Surrey blind veteran to tackle 100k ultra-challenge walk after losing 11 stone
22 March 2016 10:31
A blind veteran from Tadworth is set to tackle a 100k ultra-challenge for Blind Veterans UK, the national charity for vision-impaired ex-Service men and women.
Alan Walker, 57, is challenging himself to walk from London to Brighton to thank the military charity for its support and to keep fit after losing 11 stone and qualifying as a gym instructor.
Alan joined the Army in 1976 and served 14 years as a Qualified Chauffeur Bodyguard in the Falklands, Germany and the UK. He drove members of the royal family, including a sister of the Queen Mother.
Alan lost his sight on Christmas Day in 2012. He was hospitalised with a pneumococcal infection in his eyes and brain, which caused him to become completely blind in his left eye and have only 30% sight in his right.
He says, "When it first happened, I thought my life had ended, and I thought about ending it a couple of times."

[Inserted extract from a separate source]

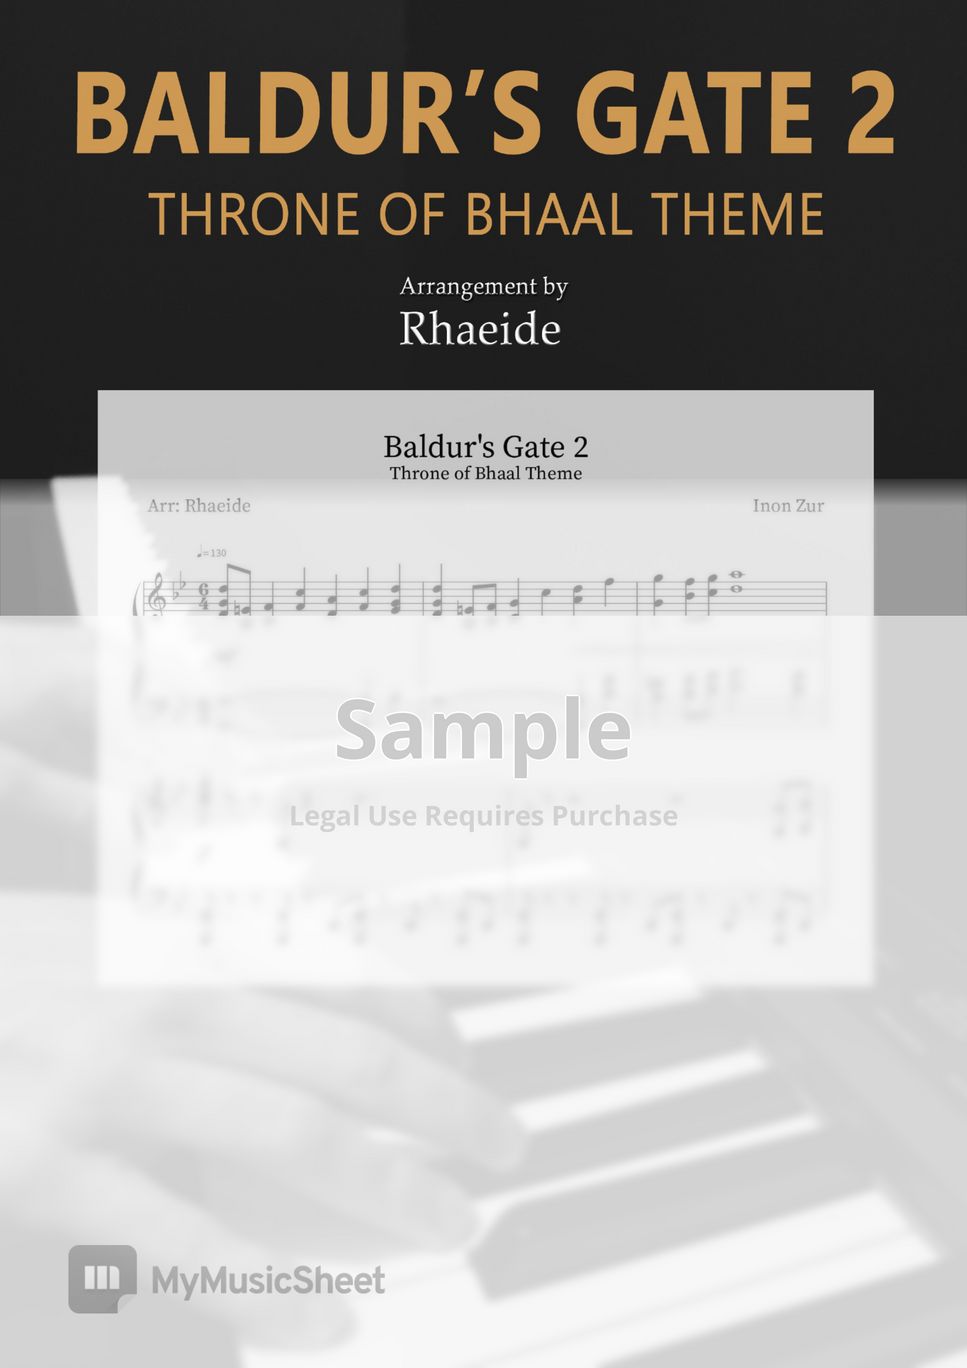 Baldur's Gate 2 - Throne of Bhaal Theme (Inon Zur) by Rhaeide

Alan began to receive support from Blind Veterans UK in 2013 and, since then, has lost 11 stone by eating healthier. The charity has supported him in retraining as a gym instructor and he has done two Great South Runs - a 10-mile running event in Portsmouth.
He says, "I didn't exercise after going blind and it's through Blind Veterans UK that I'm where I am today, which is much healthier. They've helped me turn my life around."
Alan lost the weight in two years by going to the gym every day. He says, "I just decided one day that my weight wasn't me. The hardest bit was walking into the gym. I thought I could do ten minutes on the cross trainer and I couldn't even do five.
He adds, "Now I've lost the weight - I'm the slimmest my wife has seen me!"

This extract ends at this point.